Kommunikativ setzt die Bentheimer Eisenbahn AG auf einen Mix auf Print- und Online-Maßnahmen. Unter dem Titel „Die Grafschaft am Zug“ erschienen drei Ausgaben einer Projektzeitung, die jeweils der regionalen Tageszeitung beilagen. Sie stand zudem als Download bereit und wurde in Bussen, Reisebüros und Tourist-Information-Stellen verteilt. Auf Anfrage wurde die Zeitung auch per Post verschickt.
Im Internet waren aktuelle Informationen während der Projektphase über eine eigene Website sowie über eine Facebook-Seite abrufbar. Darüber hinaus wurde das gesamte Projekt Regiopa kontinuierlich per Video dokumentiert, um den Bürgerinnen und Bürgern einen Blick hinter die Kulissen zu ermöglichen. Zu den Highlights gehörte unter anderem die Vorstellung der fünf neuen, hochmodernen Züge im Januar 2019. Die Videos sind auf dem Youtube-Kanal der Bentheimer Eisenbahn verfügbar und wurden auch über Whats App und soziale Medien gestreut.
Mehr Fahrgäste als erwartet
Die neue Bahnstrecke wird noch besser angenommen als erwartet: Im Bewertungsverfahren hatte man mit 1700 Fahrgästen pro Betriebstag gerechnet, die tatsächliche Zahl liegt aber bei rund 2500. „Ich freue mich, dass wir unsere Region mobiler gemacht haben und fit für die Anforderungen an das neue Mobilitätsverhalten der Gesellschaft“, sagt Ralf Uekermann, Projektleiter Bentheimer Eisenbahn AG.
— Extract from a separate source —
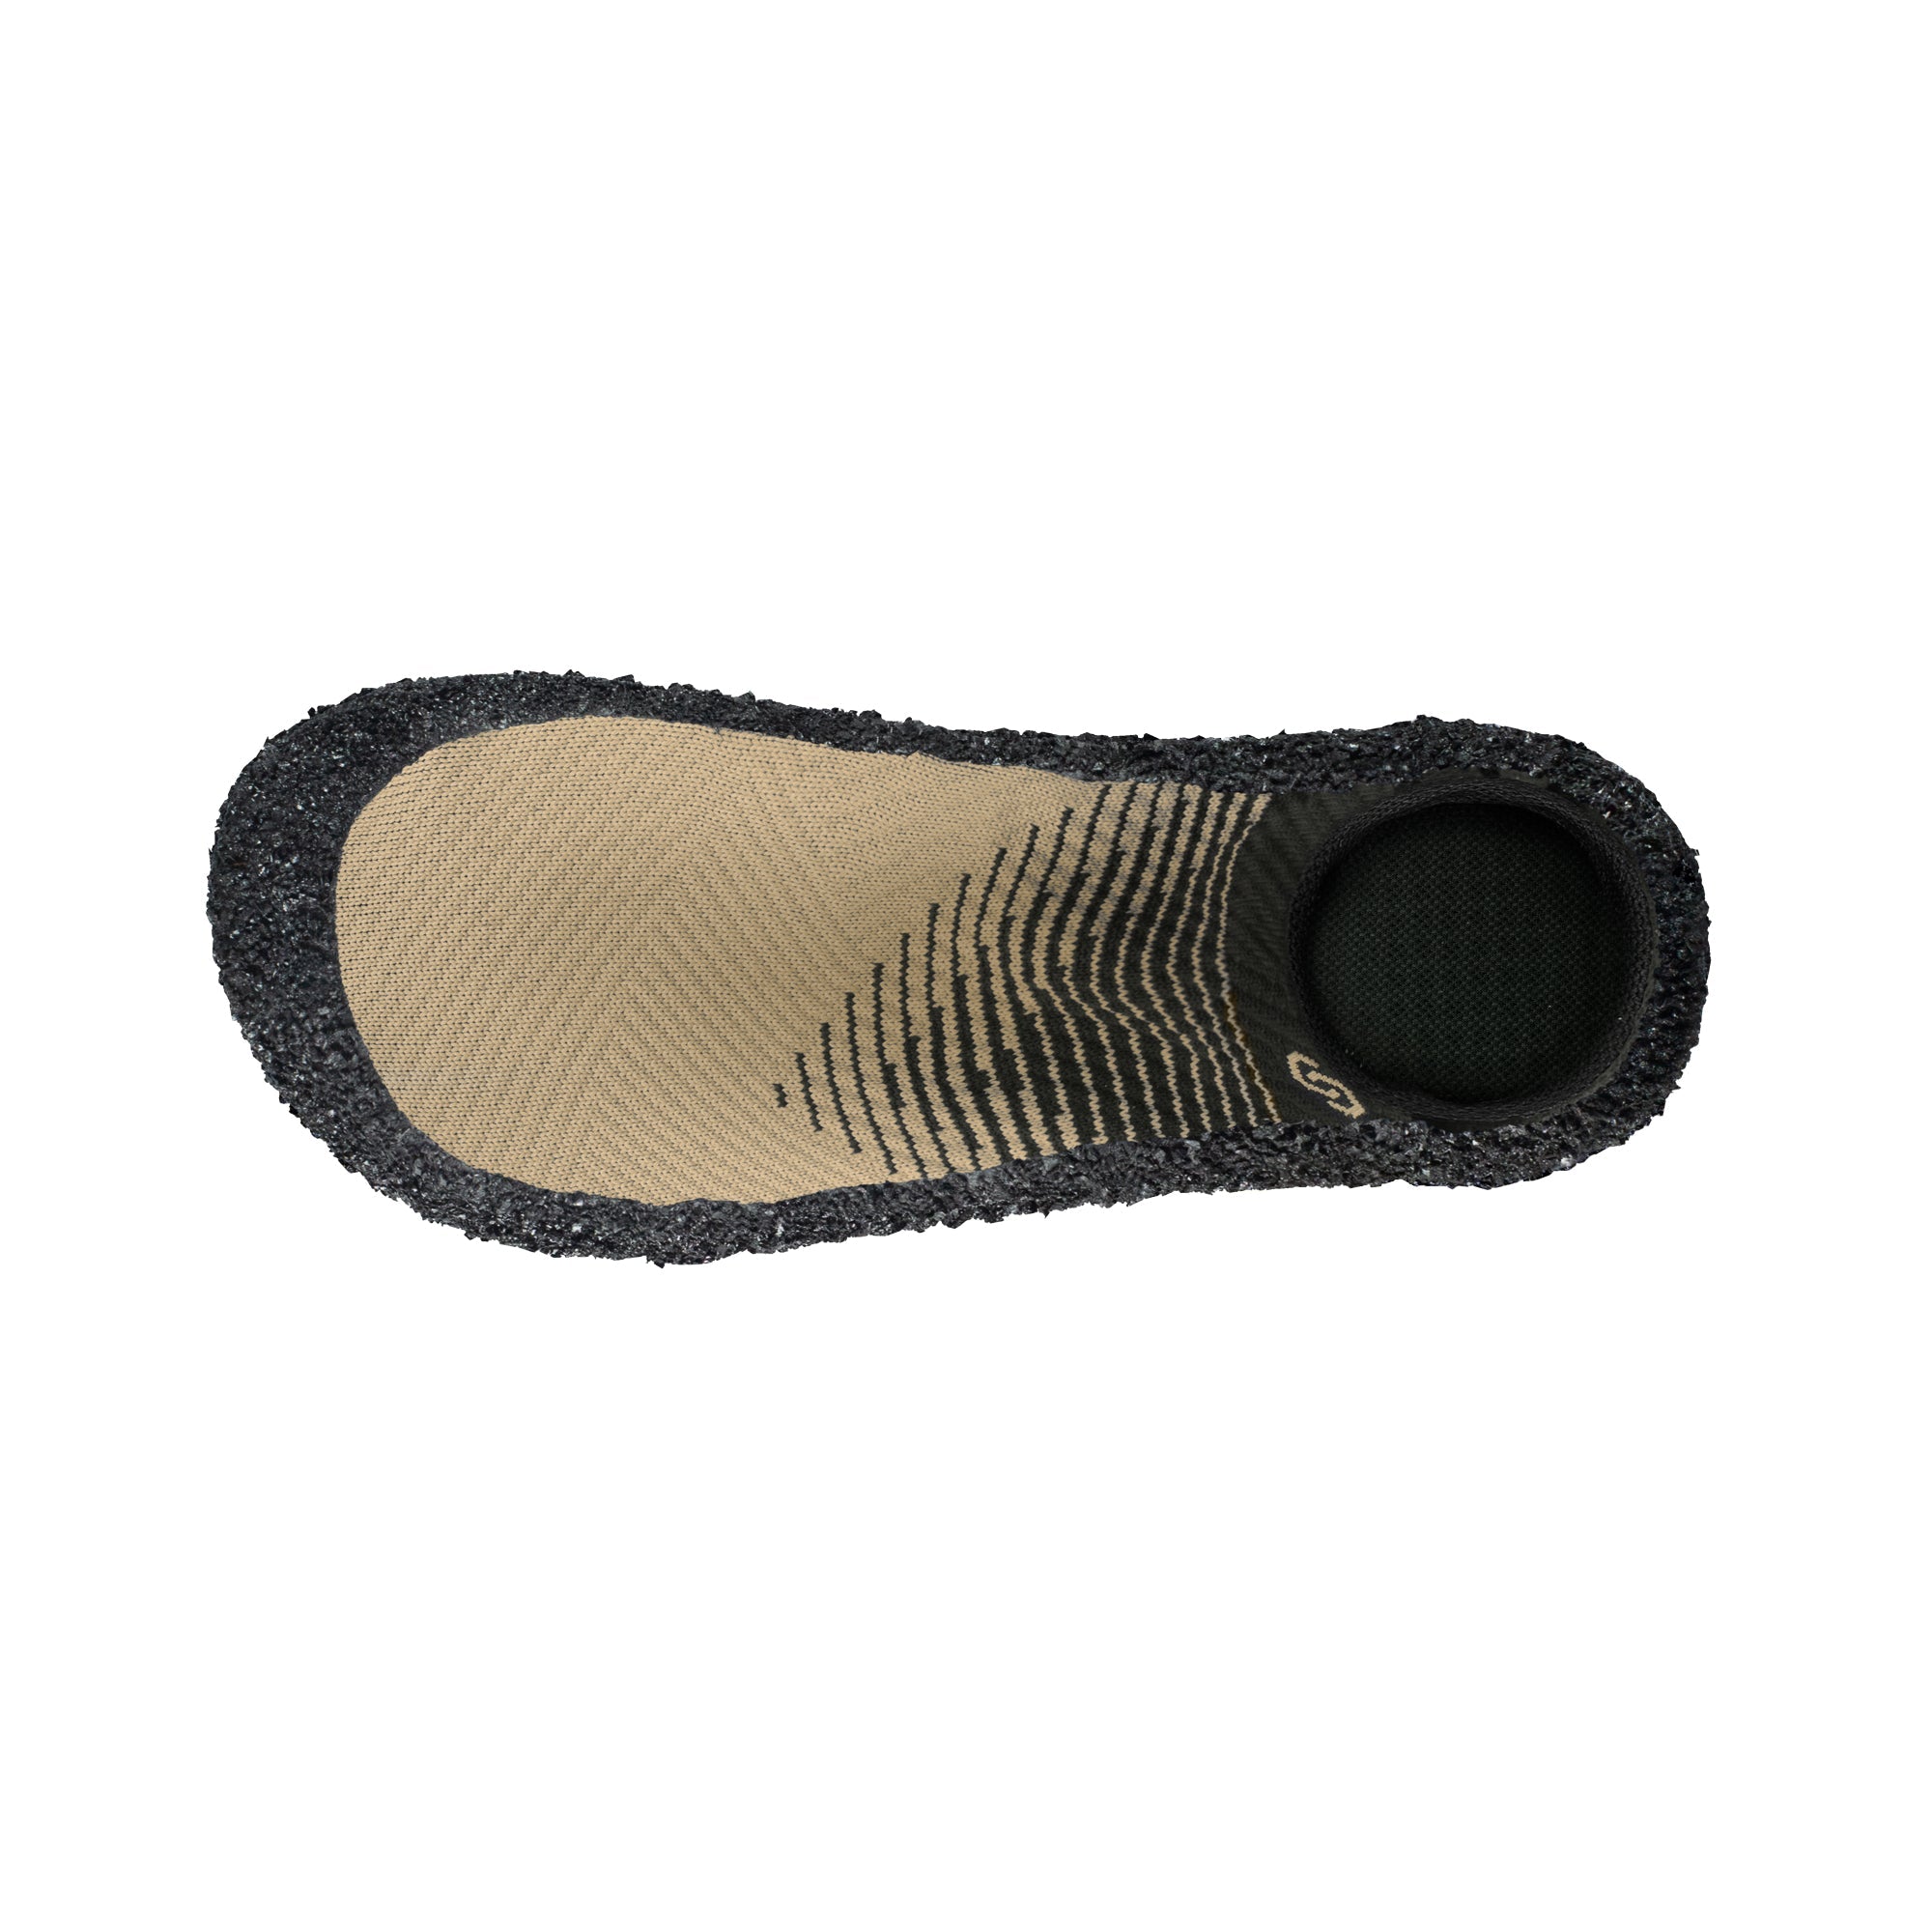 Skinners Skinners Comfort 2.0 barfods udendørssokker til kvinder og mænd i farven sand, top

Das Projekt Regiopa der Bentheimer Eisenbahn ist für den Marken-Award 2021 nominiert, der am 24. August als Live-Stream-Event stattfinden wird. Es tritt in der Kategorie „Beste neue Marke“ gegen die Stadtmarketing-Offensive „Duisburg ist echt“ an. Das Projekt Regiopa ist das zweite von insgesamt zehn Finalisten-Portraits, die in den kommenden Wochen auf absatzwirtschaft.de vorgestellt werden.